The position, velocity and acceleration of a particle executing simple harmonic motion are found to have magnitudes of $$4$$ m, $$2$$ ms$$^{-1}$$ and $$16$$ ms$$^{-2}$$ at a certain instant. The amplitude of the motion is $$\sqrt{x}$$ m, where $$x$$ is ________

We are given the magnitudes of position, velocity, and acceleration of a particle in SHM at a certain instant: $$|x| = 4$$ m, $$|v| = 2$$ m/s, $$|a| = 16$$ m/s$$^2$$. We need to find the amplitude $$A = \sqrt{x}$$ and determine $$x$$.

We recall the fundamental relations in SHM.

For a particle executing SHM:

- Displacement: $$x = A\sin(\omega t + \phi)$$

- Velocity: $$v = A\omega\cos(\omega t + \phi)$$

- Acceleration: $$a = -\omega^2 x$$

- Velocity-displacement relation: $$v^2 = \omega^2(A^2 - x^2)$$

Next, we find the angular frequency $$\omega$$.

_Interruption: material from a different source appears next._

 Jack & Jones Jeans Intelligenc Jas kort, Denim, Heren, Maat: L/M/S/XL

From the acceleration-displacement relation $$|a| = \omega^2 |x|$$:

$$ \omega^2 = \frac{|a|}{|x|} = \frac{16}{4} = 4 \text{ rad}^2/\text{s}^2 $$

Therefore, $$\omega = 2$$ rad/s.

We then find the amplitude using the velocity-displacement relation.

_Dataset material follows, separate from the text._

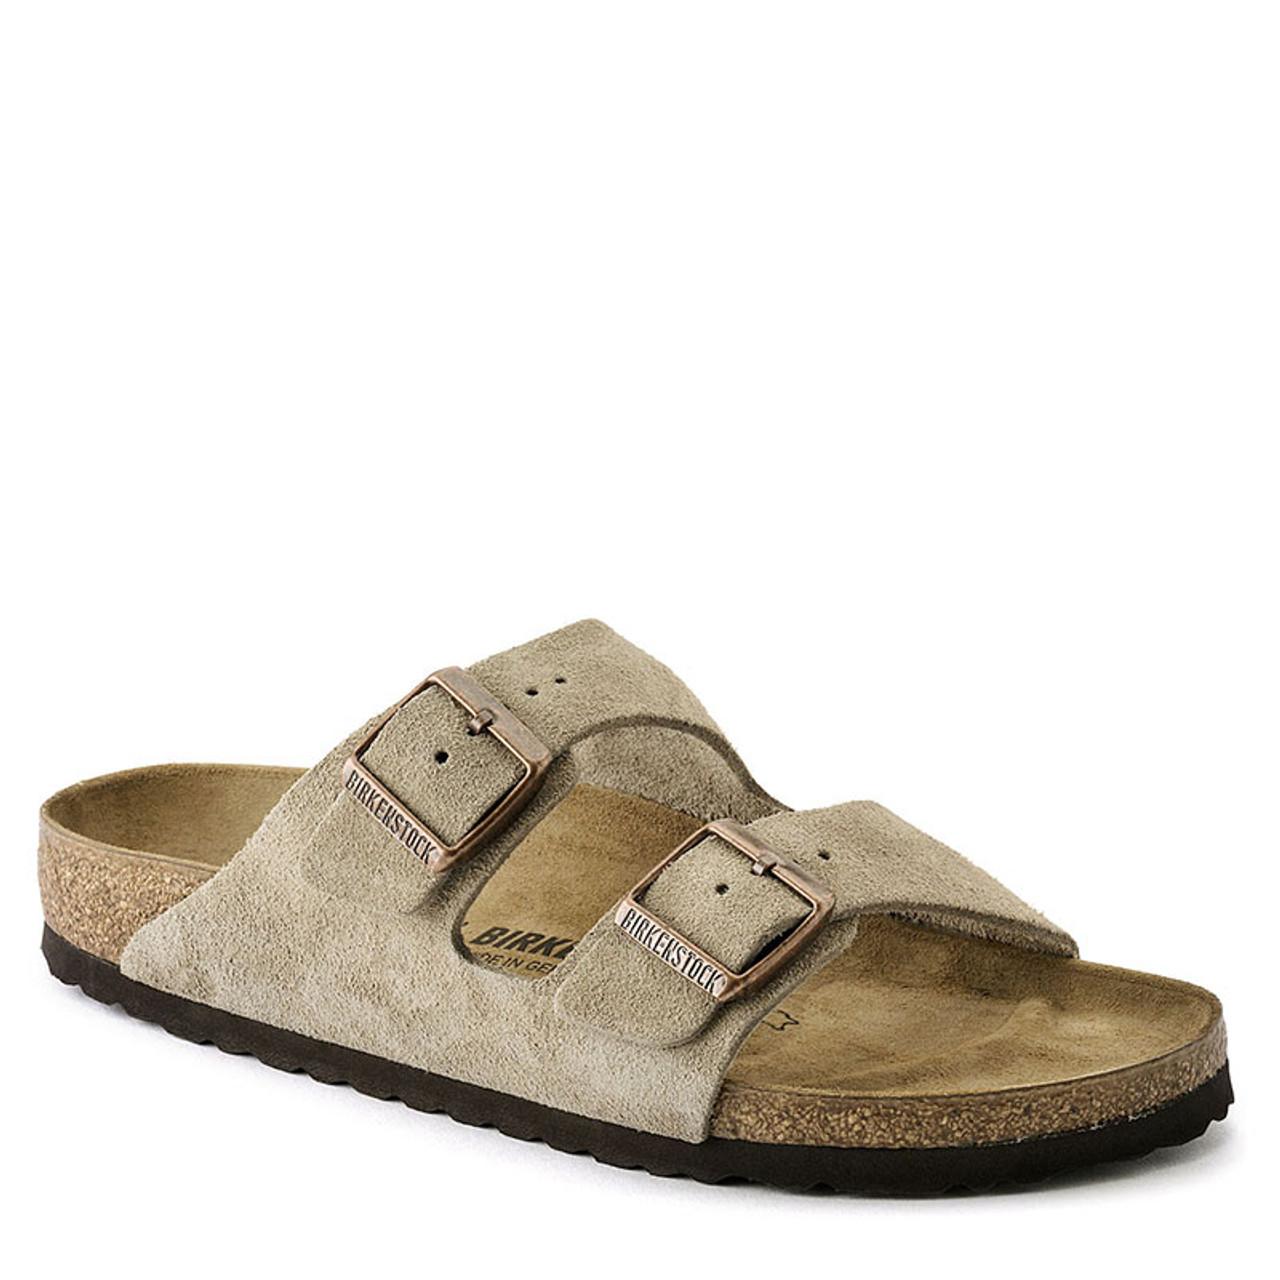 2d2f89cd5cc Birkenstock Men s Arizona Taupe Sandals - Family Footwear Center

The relation $$v^2 = \omega^2(A^2 - x^2)$$ connects velocity, angular frequency, amplitude, and displacement. Substituting the known values:

$$ (2)^2 = 4(A^2 - (4)^2) $$

$$ 4 = 4(A^2 - 16) $$

Dividing both sides by 4:

$$ 1 = A^2 - 16 $$

$$ A^2 = 16 + 1 = 17 $$

$$ A = \sqrt{17} \text{ m} $$

Finally, we identify the value of $$x$$.

Since the amplitude is given as $$\sqrt{x}$$ m and we found $$A = \sqrt{17}$$ m:

$$ \sqrt{x} = \sqrt{17} $$

$$ x = 17 $$

The answer is $$\boxed{17}$$.